No fim da manhã nublada de sexta-feira, a mulher de estatura mediana e gestos suaves remexia uma história que a maior parte de seus dias fica enclausurada consigo. A indignação e o desespero deram o tom ao discurso. Eu perguntava com delicadeza. As respostas chegavam no mesmo compasso. Algumas acompanhadas de lágrimas. Fato é que a interrupção do tratamento ceifa cada chance de sobrevida de Rosana. Ela sabe disso. Para resignação não há espaço ali. O tumor de 7 centímetros na caixa torácica não permite. As cicatrizes, uma vai de uma orelha à garganta; e outra, nas costas, não a deixam esquecer um segundo sequer o drama. Os procedimentos retiraram nódulos na tireoide e na coluna vertebral, que acabou com duas vértebras lesionadas.
Em meio a ofícios, requerimentos, receitas médicas e protocolos, ela começa a narrar seu sofrimento. “Eu tenho um punhal que a qualquer momento vai penetrar. Vejo o desespero dos profissionais por não poderem me ajudar”, frisa. Durante o desabafo, a professora de geografia, que dedicou 34 anos de vida às salas de aula, conta que deixou sonhos para trás. Um deles, o de conhecer a Europa. Passar horas a fio dentro de um avião não é conveniente. “A última vez que viajei, estive no Sul (Gramado) e mesmo assim pensei que não conseguiria voltar”, conclui.
Fechado em 2012, o diagnóstico foi escondido de familiares e amigos por mais de um ano. No começo, Rosana nem sabia direito o que significava um ‘carcinoma medular pouco diferenciado’. Ela subestimou o tumor na tireoide. Achava que era simples, por isso não carecia de alertar os parentes. “Pensei que seria um tratamento simples, mas, com a investigação do caso, o médico me avisou qual era a real dimensão do problema”, detalha. A realidade dura do tratamento logo provocou uma reviravolta na vida da professora.
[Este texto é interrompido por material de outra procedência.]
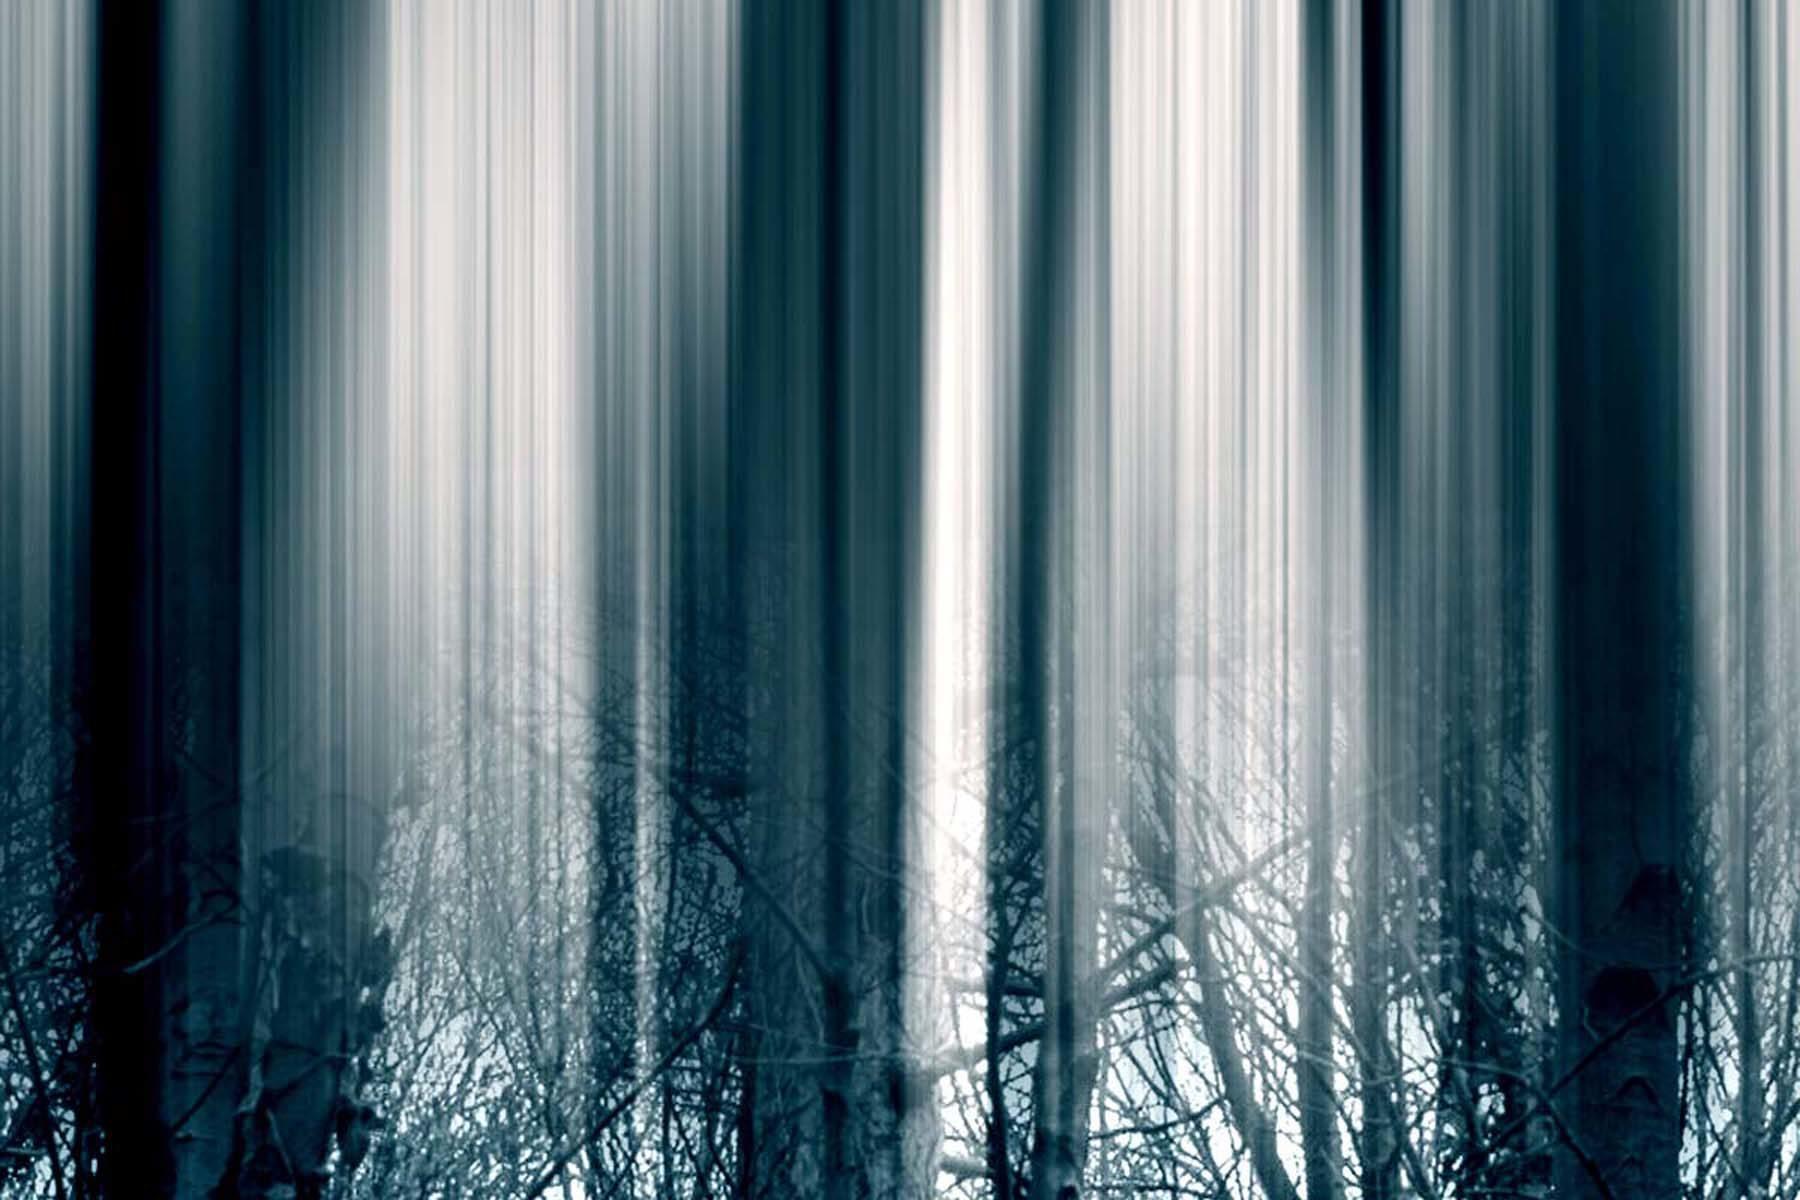 G. Dell'Antonia, I miei infiniti alberi (Castello), 2014, print on paper, 22 x 32 cm

Ficou sem andar, parou de dirigir — um dos maiores prazeres —, o perfeccionismo com a higiene da casa deu lugar a longas temporadas deitada. Passou aniversários sem poder receber um abraço sequer.

Choque

O que mais aterroriza Rosana é que o tratamento não tem expectativa de voltar à normalidade. A Secretaria de Saúde confirma a falta de previsão. “O medicamento Vandetanib não é padronizado e, portanto, não tem distribuição obrigatória pela rede pública. A aquisição somente é feita por meio de decisão judicial”, explica a pasta, em nota. Nem as recomendações da Justiça têm colocado fim à espera da professora. Em toda a capital federal, somente duas pessoas dependem da medicação. O último andamento do processo de aquisição do insumo ocorreu em 22 de novembro. O fornecedor está faturando o pagamento da compra e não há data para as caixas de Vandetanib 300mg chegarem na casa de Rosana. Além disso, a distribuição da injeção de Zometa 4 mg (fortificante ósseo), cujo estoque estava zerado desde 20 de novembro, só deve ser regularizada no final da semana.